▶ Exercise: Your job with the data below is to output exactly the lines from the one holding "Manama 1971 Gauguin" down to the one holding "Macbook MacBook Pro (13-inch, Mid 2012", both included, and no others.

▶ Entries supplied:
=-=-=-=-=

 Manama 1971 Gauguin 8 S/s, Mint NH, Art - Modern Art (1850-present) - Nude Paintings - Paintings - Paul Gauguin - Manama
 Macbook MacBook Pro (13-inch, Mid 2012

=-=-=-=-=

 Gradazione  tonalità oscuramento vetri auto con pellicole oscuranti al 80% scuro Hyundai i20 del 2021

=-=-=-=-=

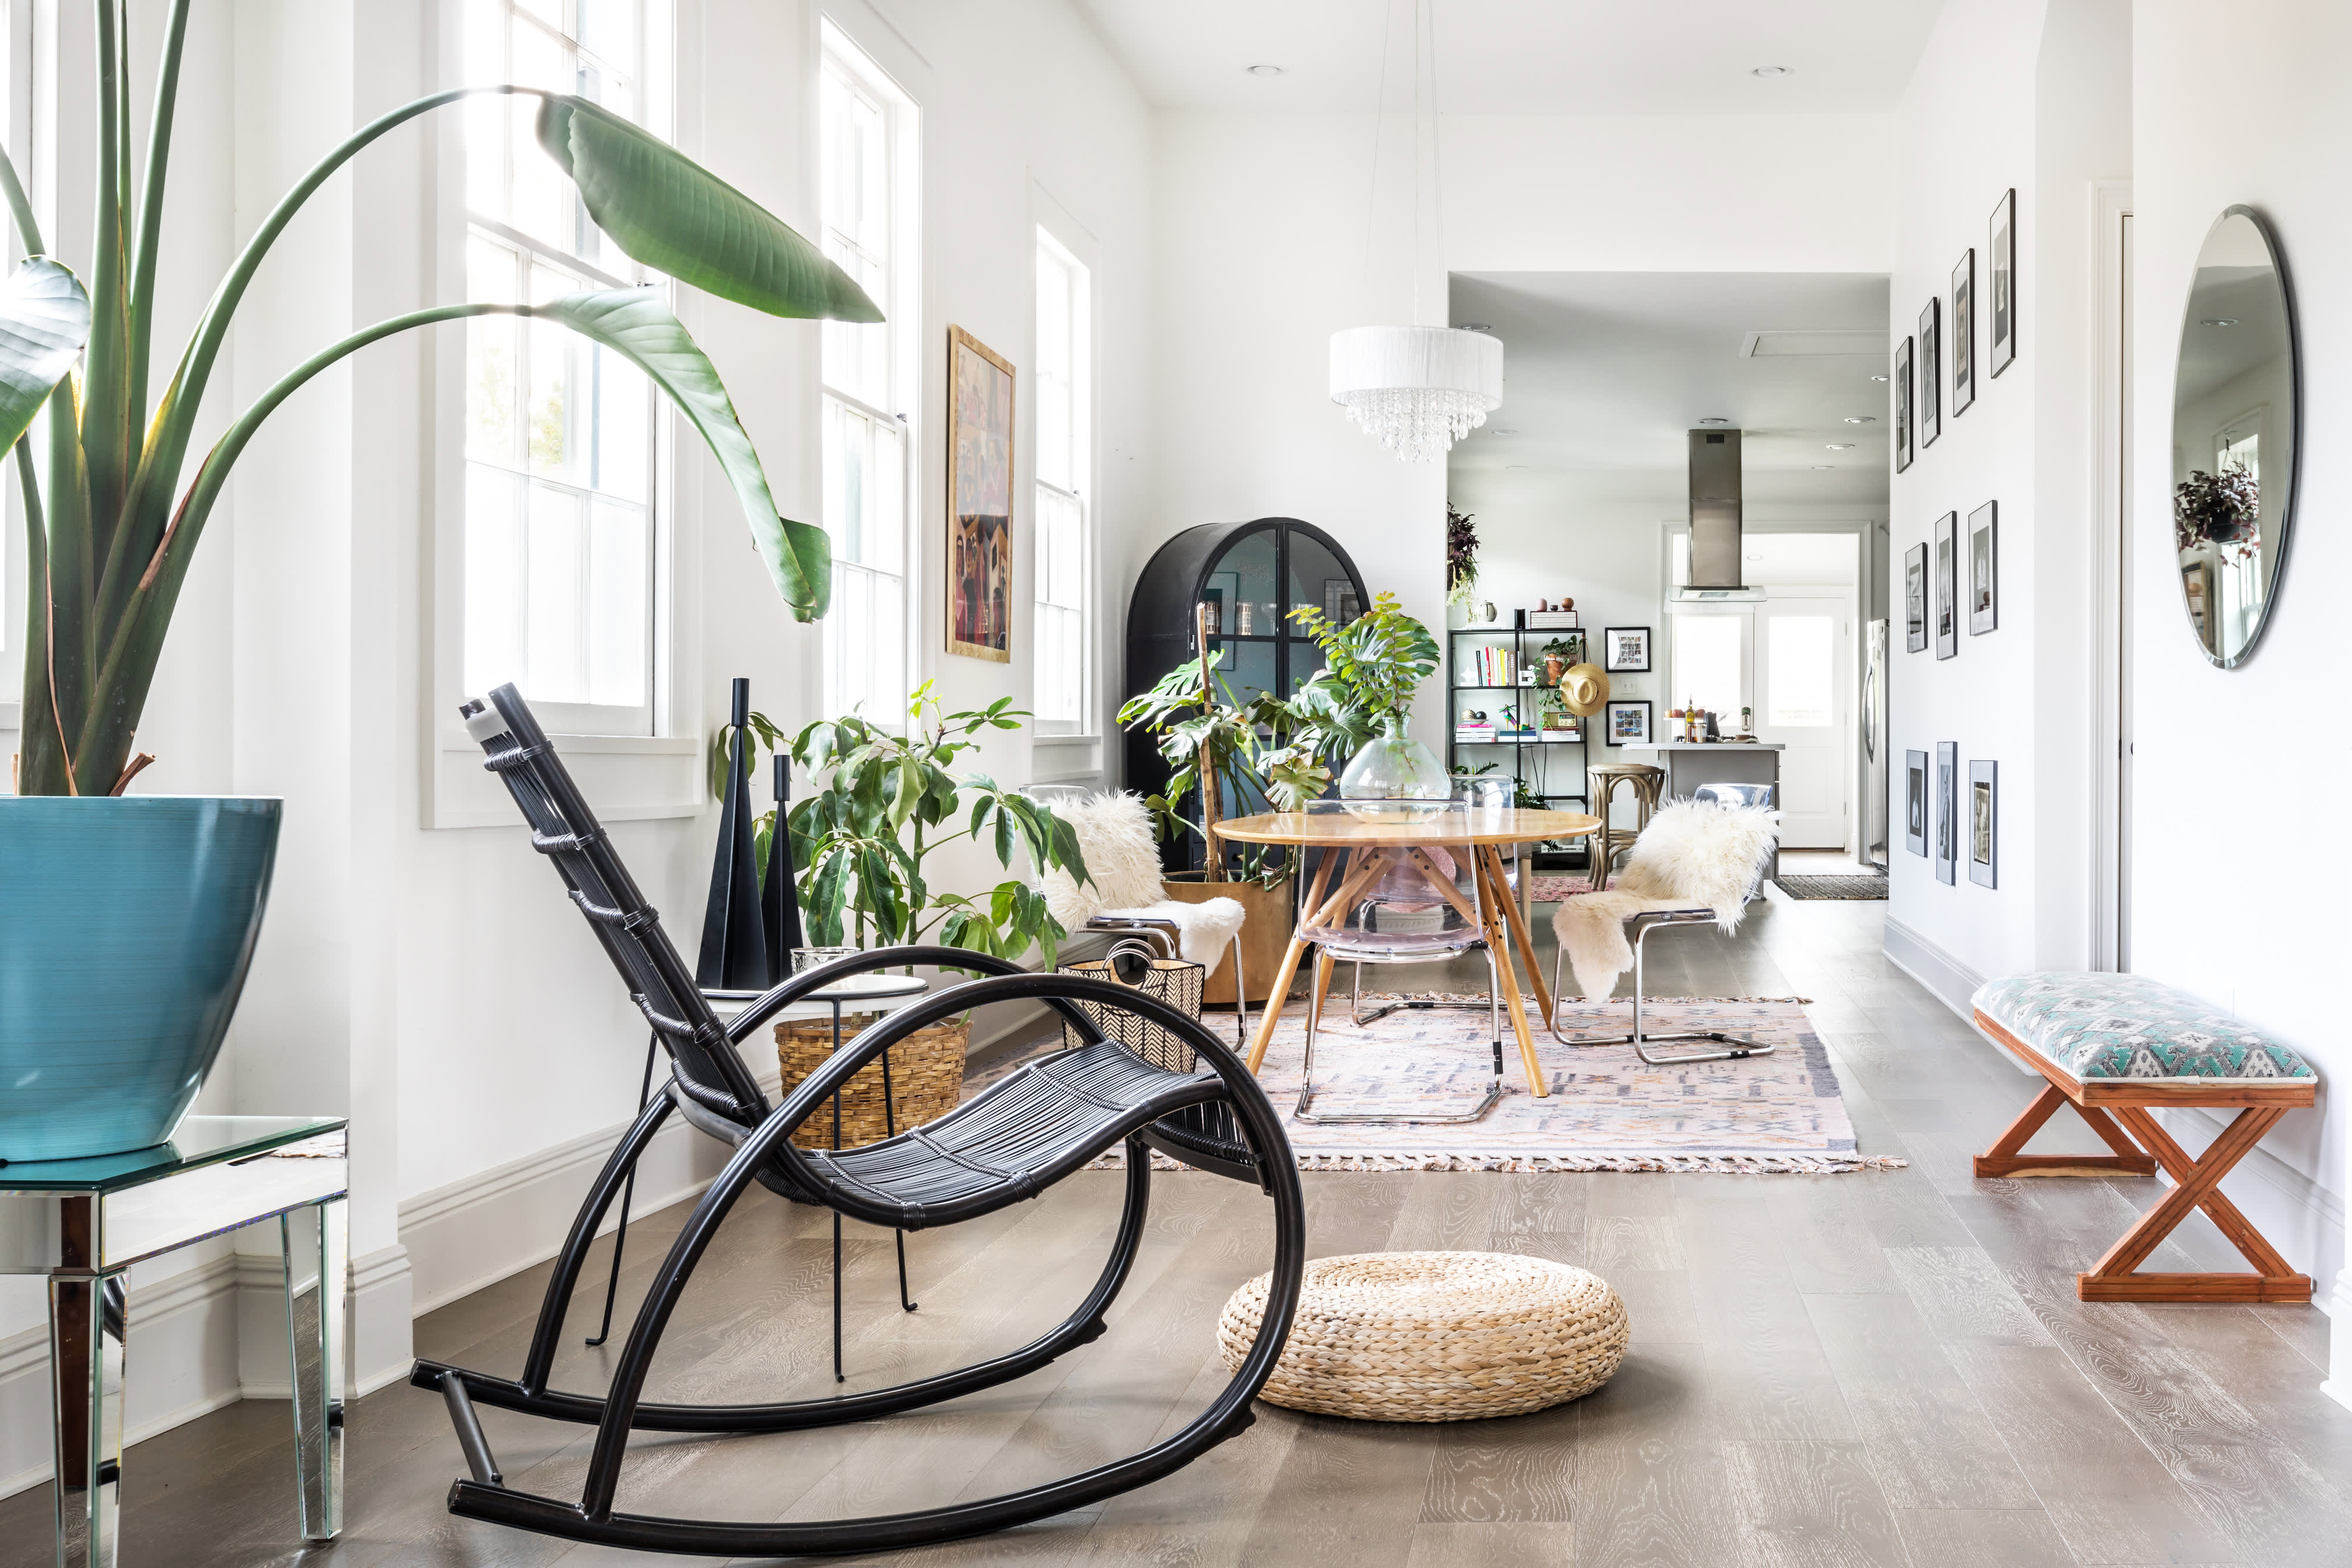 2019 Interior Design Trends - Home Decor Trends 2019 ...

=-=-=-=-=

▶ Answer space:
 Manama 1971 Gauguin 8 S/s, Mint NH, Art - Modern Art (1850-present) - Nude Paintings - Paintings - Paul Gauguin - Manama
 Macbook MacBook Pro (13-inch, Mid 2012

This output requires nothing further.